While there is, of course a lot more hand-holding and barred off areas than you’d see in the likes of Red Dead Redemption 2, this is a big move forward for the Resident Evil franchise. The open world structure also means that side quests are coming to the game, which could considerably increase length and replayability. Resident Evil 7 was a singularly focused experience. However, this led to playtimes as low as 8 hours, not factoring in DLC. A broader experience would be a welcome experience, though Capcom will have to balance quality with bloat – something that didn’t happen with 2012’s Resident Evil 6.
Lighting, Effects, and Post-Processing
Resident Evil Village’s wintry village environment makes for a qualitatively different visual milieu compared to the decaying bayou in Resident Evil 7. This has a tangible impact on Capcom’s artist direction with regards to lighting and effects, as well as technical implications.
Resident Evil 7 made frequent use of volumetric particles for its dust, soot, and general murkiness. This was something that contributed greatly to the game’s visual appeal. Most lights were dynamic, but this was viable from a performance perspective because of the environment – mostly poorly-lit interiors. With Resident Evil Village, there’s a much greater emphasis on exterior environments. And while houses and underground areas are as oppressively disgusting as we’re used to from RE, wintry outdoor areas have a “clearer” look, for lack of a better term. Sky lighting is a new feature here, with the skylight appearing to cast dynamic shadows in exterior scenes. This likely contributes to the massive performance differential on eighth-gen consoles between Resident Evil Village and Resident Evil 7. The end results are, however, frequently spectacular. Resident Evil Village incorporates ray-tracing. However, the effect is fairly subtle. We’re looking at a combination of ray-traced global illumination and ray-traced reflections. The global illumination adds a layer of depth to indirect shadows, above and beyond what the game’s already-capable ambient occlusion implementation manages: this accentuates the atmosphere in interiors, as do the ray-traced reflections.
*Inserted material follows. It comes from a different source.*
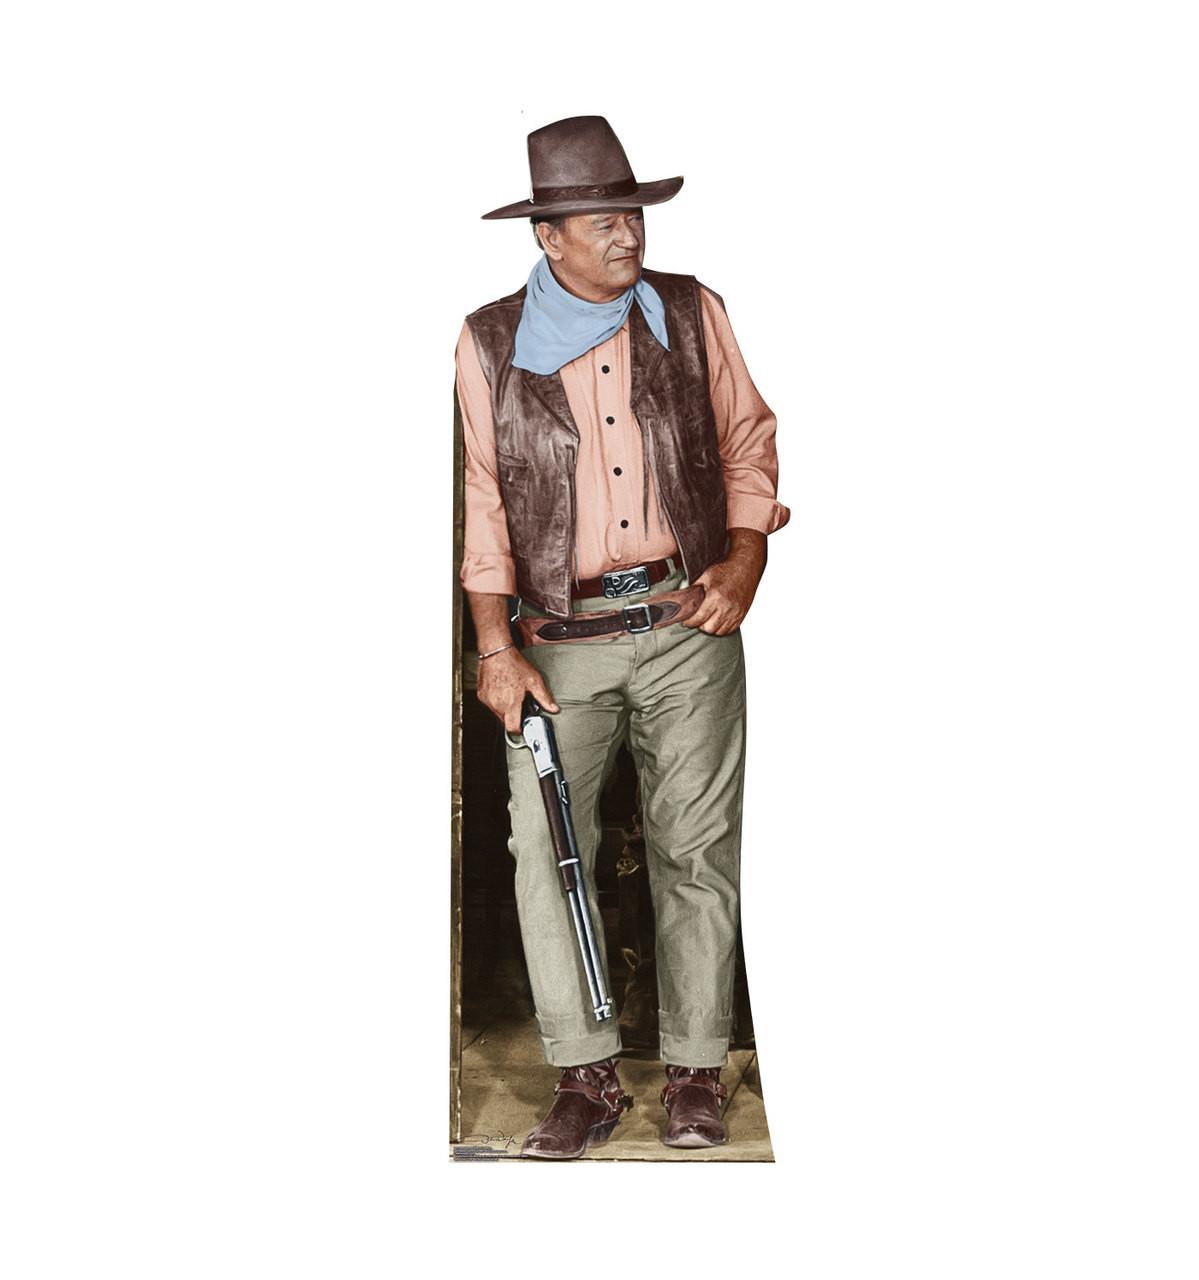 Life-size John Wayne - Collector's Edition Cardboard Standup 3

Compared to Resident Evil 7, Village pares back post-processing effects. It’s not so much that they’re absent as it is an aesthetic choice: film-grain, light bleed and other effects were all part of Resident Evil 7’s visual set, evoking found-footage films. Village, on the other hand, opts for a tamer post-process pipeline, something that adds to image clarity on a scene-to-scene basis.
Resident Evil Village is a cross-gen title, but at first glance, it’s a clear step above the visual quality we’re used to on eighth-gen platforms. Capcom appears to have wrung every drop of power out of the aging PlayStation 4 and Xbox One to deliver visuals that wouldn’t look out of place in a launch-day ninth-gen title. This doesn’t mean that the next-gen platforms haven’t received love. Apart from improved performance, ray-tracing is a subtle, yet significant improvement. In the years to come, we expect Resident Evil Village to be something of a visual benchmark to measure future ninth-gen titles against.